Governors who remain in opposition find themselves squeezed between growing federal assertiveness and dwindling political capital. Some analysts argue that the combination of federal resource control, political appointments and influence over public agencies exerts tangible pressure on subnational leaders to align with the ruling party for political survival. This dynamic, they contend, undermines competitive party politics and weakens Nigeria’s multiparty democracy.
Speaking Truth to Power: What Makinde’s Critique Exposes. Governor Makinde’s core grievance (that it is increasingly difficult, perhaps perilous, to speak truth to power) resonates widely among civil society actors, political analysts and democratic advocates:
“YOU CANNOT SPEAK TRUTH TO POWER IN THIS DISPENSATION,” Makinde declared, specifically citing the government’s handling of contentious tax reform bills as an example where dissent was neither welcomed nor transparently debated.

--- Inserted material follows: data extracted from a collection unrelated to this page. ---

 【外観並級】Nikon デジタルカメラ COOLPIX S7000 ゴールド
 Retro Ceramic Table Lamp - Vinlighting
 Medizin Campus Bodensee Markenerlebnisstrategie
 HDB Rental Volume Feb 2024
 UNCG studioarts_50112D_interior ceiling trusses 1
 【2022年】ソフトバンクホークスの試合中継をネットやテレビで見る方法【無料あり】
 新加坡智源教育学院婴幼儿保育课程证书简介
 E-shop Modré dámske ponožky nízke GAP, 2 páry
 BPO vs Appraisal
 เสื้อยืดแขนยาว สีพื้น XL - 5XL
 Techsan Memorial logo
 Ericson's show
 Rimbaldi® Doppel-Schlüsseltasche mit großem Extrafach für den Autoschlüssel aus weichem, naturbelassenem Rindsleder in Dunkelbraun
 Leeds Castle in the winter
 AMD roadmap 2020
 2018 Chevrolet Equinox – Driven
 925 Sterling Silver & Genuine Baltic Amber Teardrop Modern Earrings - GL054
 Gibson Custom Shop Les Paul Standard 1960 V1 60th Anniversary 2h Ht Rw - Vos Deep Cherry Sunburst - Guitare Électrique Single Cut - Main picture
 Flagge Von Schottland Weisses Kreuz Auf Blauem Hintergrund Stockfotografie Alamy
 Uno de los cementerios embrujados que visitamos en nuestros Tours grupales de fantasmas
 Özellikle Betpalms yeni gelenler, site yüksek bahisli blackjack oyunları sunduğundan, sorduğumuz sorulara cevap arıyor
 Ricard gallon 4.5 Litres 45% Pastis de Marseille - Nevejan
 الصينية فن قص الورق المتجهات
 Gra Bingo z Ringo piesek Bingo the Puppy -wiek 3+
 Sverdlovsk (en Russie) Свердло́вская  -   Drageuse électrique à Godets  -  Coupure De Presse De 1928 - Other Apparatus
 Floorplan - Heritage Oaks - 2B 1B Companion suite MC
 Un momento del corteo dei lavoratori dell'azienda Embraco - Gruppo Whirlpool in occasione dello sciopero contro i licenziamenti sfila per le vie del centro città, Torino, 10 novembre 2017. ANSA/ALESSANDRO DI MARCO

Makinde’s critique reflects deeper structural concerns:
Exclusion of Key Stakeholders: Opposition leaders and state executives report being marginalised from meaningful consultation on national policies affecting federal-state relations, revenue sharing and fiscal reforms.
Institutional Intimidation: The perception that state politicians become targets of federal legal scrutiny after taking firm oppositional stances (real or perceived) discourages robust democratic debate.
Erosion of Opposition Space: A symbiotic effect of party defections and institutional pressure is a shrinking viable space for genuine political opposition, weakening checks and balances essential to democratic governance.
A respected political scientist, Dr. Aisha Bello of the University of Lagos, recently argued that “when opposition becomes fraught with state leverage instead of ideological competition, the very foundation of democratic contestation collapses,” adding that “a government that shies away from criticism risks inversion into autocracy.”
Another expert, Prof. Chinedu Eze, former dean of political studies at Ahmadu Bello University, warned that “selective use of anti-corruption agencies as political tools corrodes public trust and ultimately delegates justice into the hands of incumbents rather than independent courts.” These observations echo growing public skepticism.
The Way Forward: Strengthening Democracy and Institutions. Nigeria’s path forward depends on restoring confidence in democratic norms and institutional independence.
Transparent EFCC Processes: Civil society groups and legal scholars are advocating for enhanced transparency in anti-graft investigations, including clear prosecutorial thresholds and independent audits of case initiation and closures.
Judicial Oversight: Strengthening the judiciary’s capacity and independence is critical to ensuring that allegations of political weaponisation do not go unchecked. Courts must remain the ultimate arbiters of evidence and guilt.
Political Reforms: Advocates demand reforms to party financing, federal-state fiscal relations, and consultation mechanisms to reduce incentives for defections driven by federal resource leverage.
Public Engagement: A more informed and engaged civil society, anchored by independent media and civic education, must hold both government and opposition accountable for adherence to democratic principles.
Beyond The Present Moment.
Governor Makinde’s assertion that it is no longer tenable to “speak truth to power” under the current administration reflects unsettling trends in Nigeria’s evolving democratic landscape. While the EFCC and the Presidency maintain that anti-corruption efforts are independent and constitutionally grounded, opposition leaders (backed by political data and patterns of defections) argue that state power is being used to consolidate one-party dominance and undermine political pluralism.
At this critical juncture, Nigeria must choose between entrenching competitive democracy or sliding toward a political monopoly where dissent is subdued, institutions compromised, and power concentrated.
For Nigeria’s democratic ideals to survive (and thrive) its leaders and citizens must ensure that speaking truth to power remains not a perilous act of defiance but an honoured pillar of national life.